Route entropy-fallback candidates through the MoE with the model AUTHORITATIVE (no entropy-magnitude floor) instead of the bare entropy heuristic. Mirrors keyhog_core::config::ScanConfig::entropy_ml_authoritative and the CLI --no-entropy-ml-scoring opt-out. No-op unless both entropy_enabled and ml_enabled are set. See apply_ml_batch_scores and scan_entropy_fallback.

§generic_keyword_low_entropy: bool

Admit generic keyword-bridge values (PASSWORD=, *_PASS=, secret:, api_key= …) on the relaxed generic-keyword-secret entropy floor instead of the high generic-secret floor. Mirrors keyhog_core::config::ScanConfig::generic_keyword_low_entropy and the CLI --no-keyword-low-entropy opt-out. The keyword key is the evidence; precision is carried by the MoE + shape filters. See scan_generic_assignments.

§ml_enabled: bool

Enable ML-based confidence scoring

§ml_weight: f64

ML weight for confidence scoring, 0.0-1.0

§min_confidence: f64

Minimum confidence threshold for matches

§unicode_normalization: bool

Enable Unicode normalization

§max_decode_bytes: usize

Maximum bytes for decode-through processing

§max_matches_per_chunk: usize

Maximum matches to collect per chunk before stopping. Prevents OOM on extremely noisy files.

§scan_comments: bool

When true, credentials inside source-code comments are treated as first-class findings (no confidence downgrade, no comment-context multiplier). Mirrors keyhog_core::config::ScanConfig::scan_comments and the CLI’s --scan-comments flag. See that field’s doc for why the default is off.

§multiline: MultilineConfig

Configuration for multiline concatenation

§known_prefixes: Vec<String>

Known secret prefixes used to boost confidence.

§secret_keywords: Vec<String>

Keywords indicating a secret context (e.g. “api_key”, “token”).

§test_keywords: Vec<String>

Keywords indicating a test/mock context (e.g. “test”, “fake”).

§placeholder_keywords: Vec<String>

Keywords indicating a placeholder value (e.g. “change_me”, “todo”).

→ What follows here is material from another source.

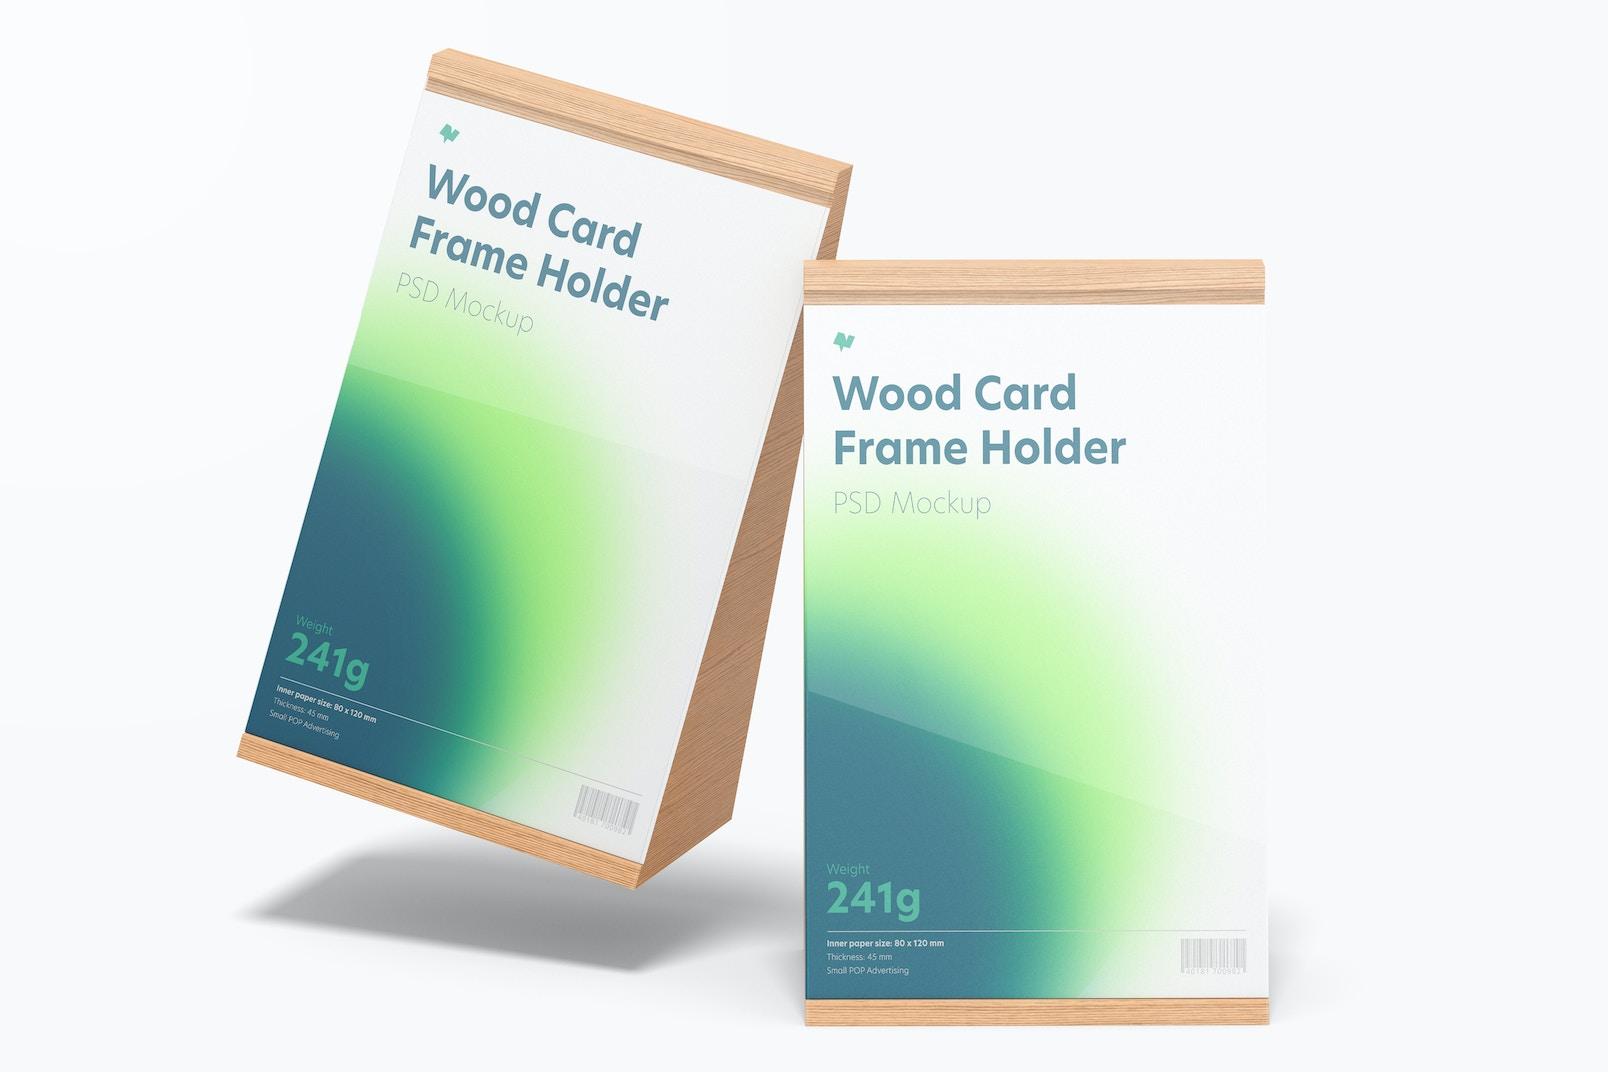 Wood Card Frame Holders Mockup, Falling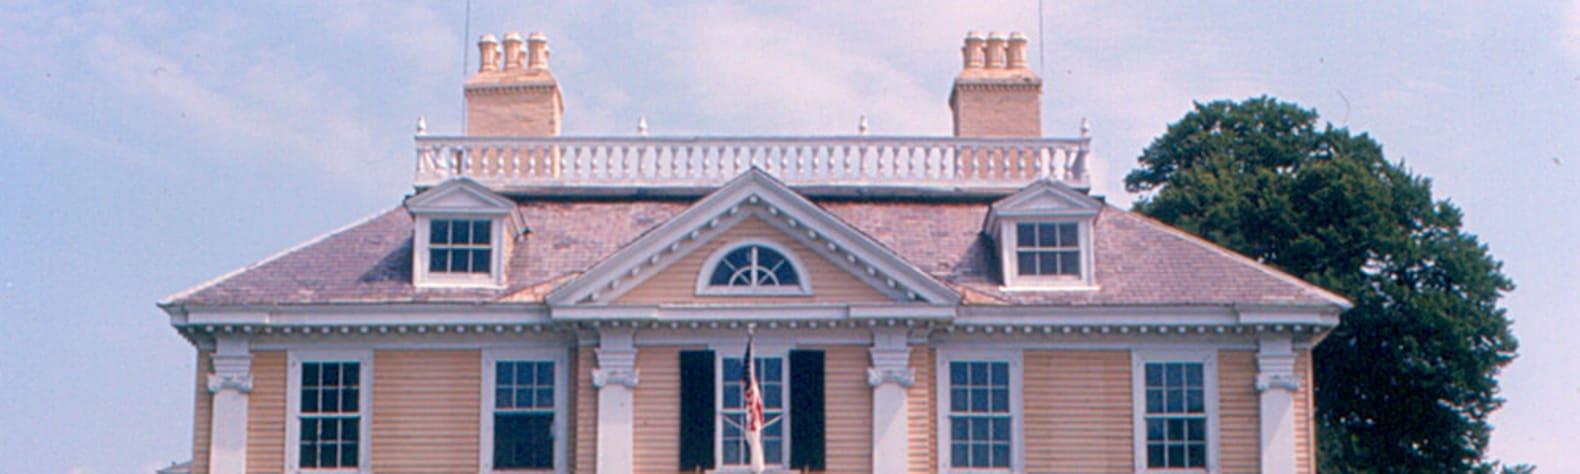 Longfellow House Washington's Headquarters National Historic Site

§penalize_test_paths: bool

Apply test/example path confidence and hard-suppression heuristics. The CLI disables this for --no-suppress-test-fixtures.

Implementations§

Source§

impl ScannerConfig

Source

pub const HIGH_PRECISION_MIN_CONFIDENCE: f64 = 0.85

Confidence floor for ScannerConfig::high_precision. Distinct from the canonical ScanConfig::default() floor (0.40) on purpose: precision mode trades recall for a near-zero false-positive rate at mass-scan scale.

Source

pub fn fast() -> Self

Source

pub fn thorough() -> Self

Source

pub fn high_precision() -> Self

High-precision mass-scan preset: minimise false positives at the cost of some recall, for scanning huge corpora where every FP is expensive to triage. Fully offline and fast (no ML, no entropy sweep, shallow decode).

  • entropy_enabled = false: generic high-entropy matching is the single largest FP source; precision mode drops it entirely.
  • ml_enabled = true (inherited): ML is the confidence discriminator that lifts genuine secrets over the high floor while leaving FP-shaped tokens below it. Disabling it would crater the scores the 0.85 bar relies on, so precision KEEPS ML (this mode trades recall for precision, not for speed — use --fast when speed is the goal).
  • min_confidence = HIGH_PRECISION_MIN_CONFIDENCE (0.85): combined with the engine’s checksum policy (valid token → floored 0.9, invalid → capped 0.1) and clamped over every detector’s self-declared floor, this bar admits checksum-validated tokens and strong ML-scored findings while dropping checksum-failures and weak-signal matches.
  • max_decode_depth = 1: deep-decoded payloads are a FP source at scale.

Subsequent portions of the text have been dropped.